You are a document analysis assistant. Answer the user's question based solely on the following document content:

---
{{extracted_content.text}}
---

If the answer is not found in the document, say so clearly.

Example: Invoice Processing

Extract structured data from uploaded invoices: The AI Agent Node is configured to extract specific fields (invoice number, date, line items, total) from the extracted text, and the Python Code Node validates and formats the structured output.

Working with Tables

When extract_tables is enabled, tables are extracted as structured arrays with headers and rows. This is particularly useful for spreadsheets and PDF documents containing tabular data. Access table data in downstream nodes:
{{extracted_content.pages[0].tables[0].headers}}  // ["Name", "Role", "Department"]
{{extracted_content.pages[0].tables[0].rows[0]}}   // ["Alice Kim", "Engineer", "Platform"]
Table extraction quality depends on the document format.

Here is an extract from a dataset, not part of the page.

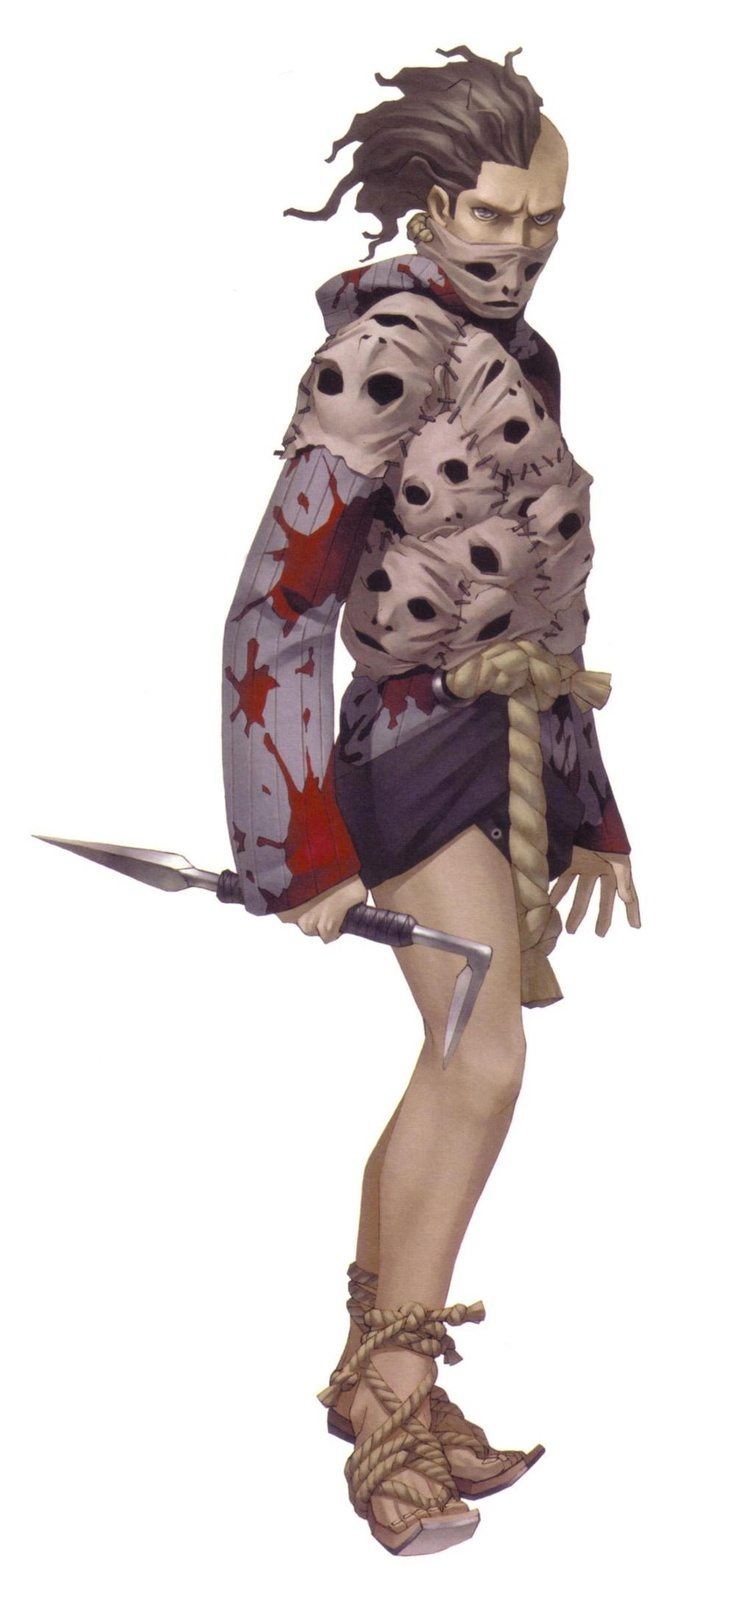 Shin Megami Tensei III: Nocturne Character Images - Megami Tensei Wiki: a Demonic Compendium of your True Self

PDF tables with clear grid lines extract most reliably. Complex merged cells or borderless tables may require post-processing with an AI Agent Node.

Page Range Selection

For large documents, use page_range to process only the pages you need:
SyntaxBehavior
"1-5"Pages 1 through 5
"3,7,10"Only pages 3, 7, and 10
"1-3,8-10"Pages 1-3 and 8-10
nullAll pages (default)
This reduces processing time and keeps the extracted content focused on the relevant sections.

Best Practices

Processing a 200-page PDF will be slow and produce a very large context. Use page_range or a preceding Question Node to ask the user which section they need.
Image extraction significantly increases processing time. Only enable it when the workflow specifically needs to analyze embedded images (e.g., with an Image Understand Node downstream).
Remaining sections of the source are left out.